Department of Pediatrics, Yale University, New Haven, Connecticut, United States of America.
PLoS One. 2013 Apr 29;8(4):e60560. doi: 10.1371/journal.pone.0060560. Print 2013.
The role and mechanism of action of MIF in hyperoxia-induced acute lung injury (HALI) in the newborn lung are not known. We hypothesized that MIF is a critical regulatory molecule in HALI in the developing lung.
We studied newborn wild type (WT), MIF knockout (MIFKO), and MIF lung transgenic (MIFTG) mice in room air and hyperoxia exposure for 7 postnatal (PN) days. Lung morphometry was performed and mRNA and protein expression of vascular mediators were analyzed.
MIF mRNA and protein expression were significantly increased in WT lungs at PN7 of hyperoxia exposure. The pattern of expression of Angiopoietin 2 protein (in MIFKO>WT>MIFTG) was similar to the mortality pattern (MIFKO>WT>MIFTG) in hyperoxia at PN7. In room air, MIFKO and MIFTG had modest but significant increases in chord length, compared to WT. This was associated with decreased expression of Angiopoietin 1 and Tie 2 proteins in the MIFKO and MIFTG, as compared to the WT control lungs in room air. However, on hyperoxia exposure, while the chord length was increased from their respective room air controls, there were no differences between the 3 genotypes.
These data point to the potential roles of Angiopoietins 1, 2 and their receptor Tie2 in the MIF-regulated response in room air and upon hyperoxia exposure in the neonatal lung.
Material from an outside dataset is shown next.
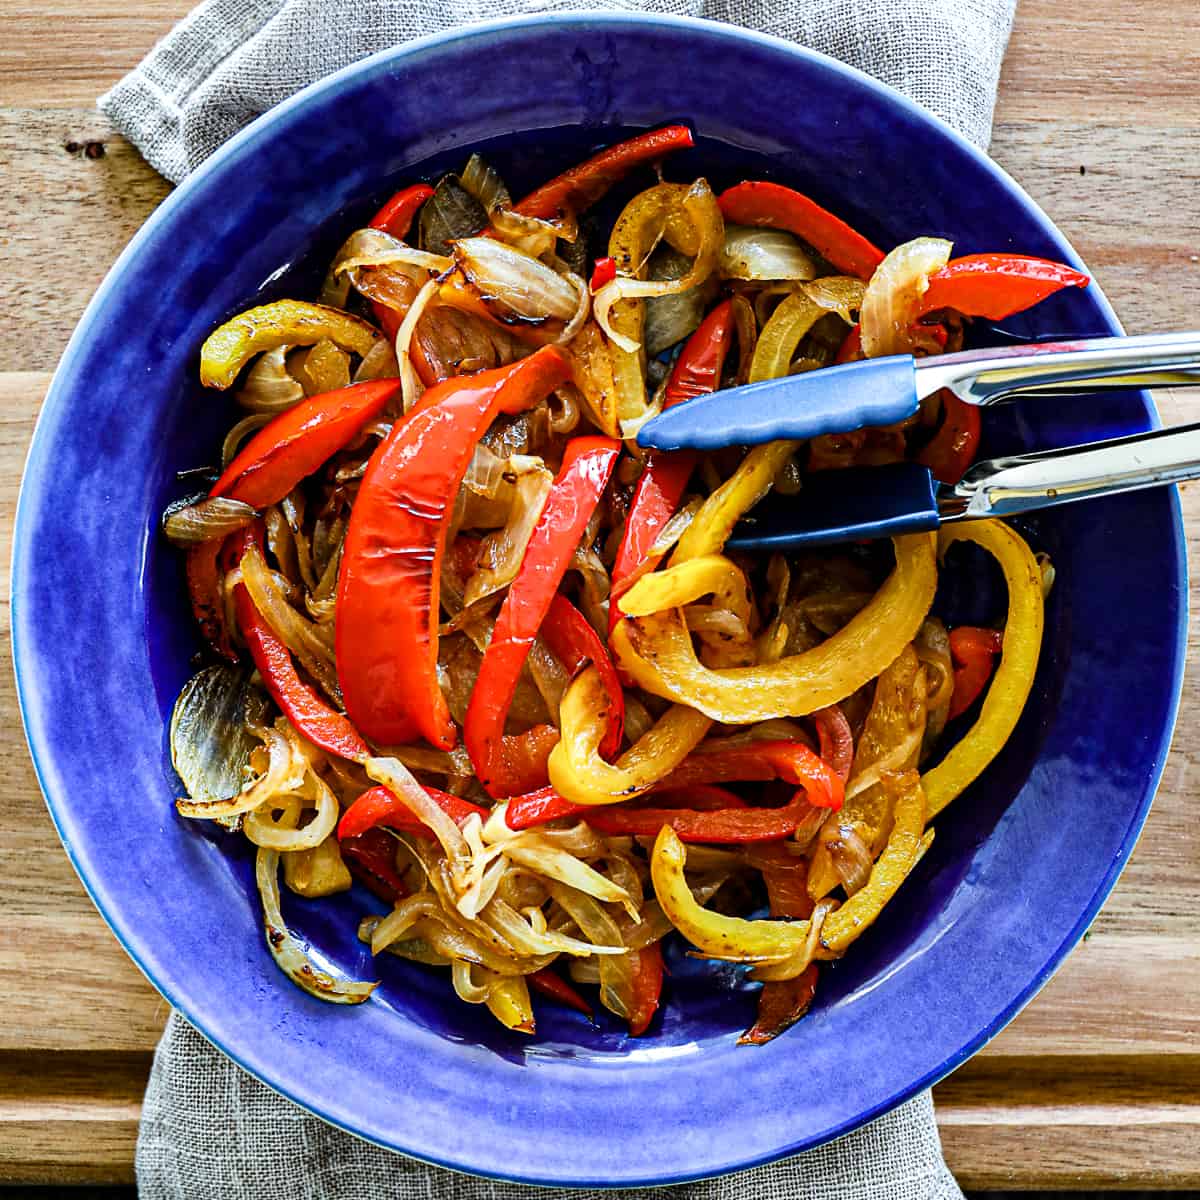 https://sipbitego.com/wp-content/uploads/2021/06/Sauteed-Onions-And-Peppers-For-Fajitas-Steak-Sides-Sip-Bite-Go-feature.jpg

MIF 在新生肺高氧诱导的急性肺损伤(HALI)中的作用和作用机制尚不清楚。我们假设 MIF 是发育中肺 HALI 的关键调节分子。
我们在常氧和高氧暴露下研究了新生野生型(WT)、MIF 敲除(MIFKO)和 MIF 肺转基因(MIFTG)小鼠,共 7 天。进行肺形态计量学检查,并分析血管介质的 mRNA 和蛋白表达。
MIF 在高氧暴露的 WT 肺中在第 7 天的 mRNA 和蛋白表达显著增加。血管生成素 2 蛋白的表达模式(MIFKO>WT>MIFTG)与第 7 天高氧时的死亡率模式(MIFKO>WT>MIFTG)相似。在常氧下,MIFKO 和 MIFTG 与 WT 相比,有适度但显著增加的索长。这与 MIFKO 和 MIFTG 肺中血管生成素 1 和 Tie 2 蛋白的表达减少有关,与常氧下的 WT 对照肺相比。然而,在高氧暴露下,尽管索长与其各自的常氧对照相比有所增加,但 3 种基因型之间没有差异。
这些数据表明,血管生成素 1、2 及其受体 Tie2 在 MIF 调节的反应中具有潜在的作用,无论是在常氧下还是在新生肺的高氧暴露下。